No little of his popularity is due to the desperate valour with which he contested the ground with death, inch by inch, and died, as Buckle and John Richard Green had done, in the midst of the work that he would

not quit. Romance was by him to the last, gladdening his tired body with her presence; and if towards the end weariness and heart-sickness seized him for a spell, yet the mind soon resumed its mastery over weakness.
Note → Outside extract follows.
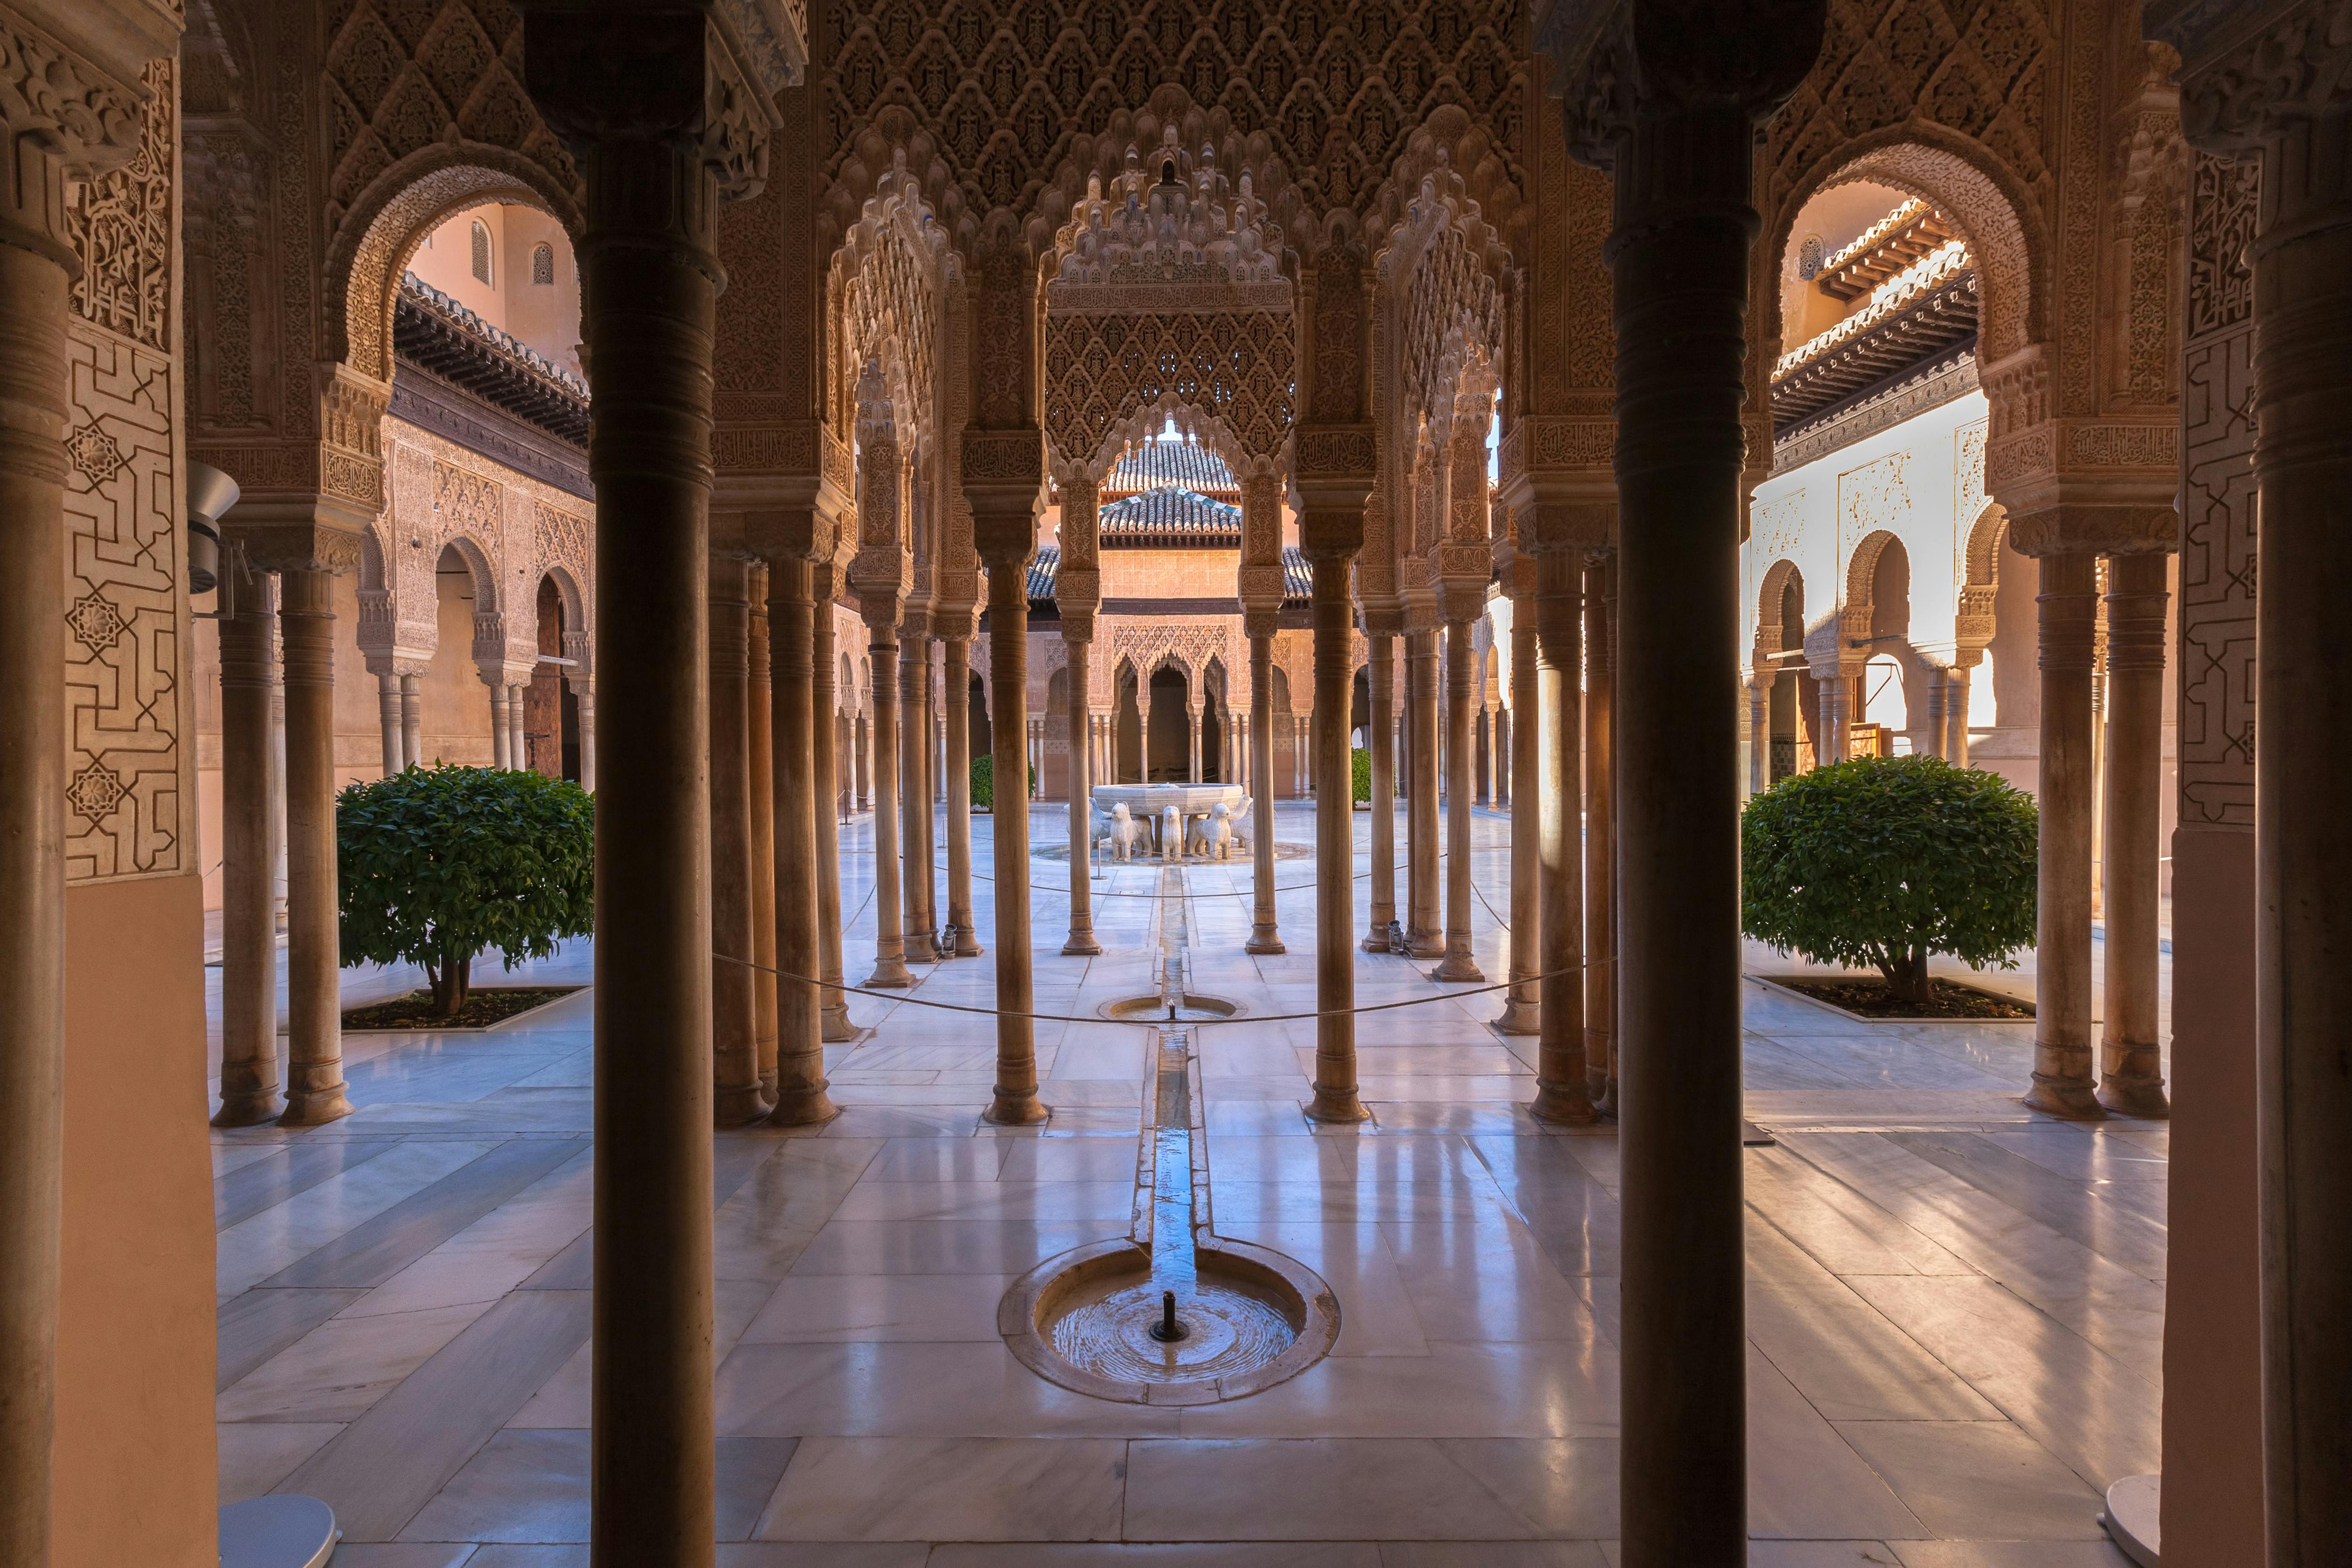 Entrance tickets to the Alhambra with audio guide

In a prayer which he had written shortly before his death he had petitioned: “Give us to awake with smiles, give us to labour smiling; as the sun lightens the world, so let our lovingkindness make bright this house of our habitation.” Assuredly in his case this characteristic petition had been realized; the prevalent sunniness of his disposition attended him to the last.

IV

Of all our writers there has been none to whom the epithet “charming” has been more frequently applied. Of late the epithet has become a kind of adjectival maid-of-all-work, and has done service where a less emphatic term would have done far better. But in Stevenson’s case the epithet is fully justified. Of all the literary Vagabonds he is the most captivating. Not the most interesting; the most arresting, one may admit. There is greater power in Hazlitt; De Quincey is more unique; the “prophetic scream” of Whitman is more penetrating. But not one of them was endowed with such wayward graces of disposition as Stevenson. Whatever you read of his you think invariably of the man. Indeed the personal note in his work is frequently the most interesting thing about it. I mean that what attracts and holds us is often not any originality, any profundity, nothing

specially inherent in the matter of his speech, but a bewitchingly delightful manner.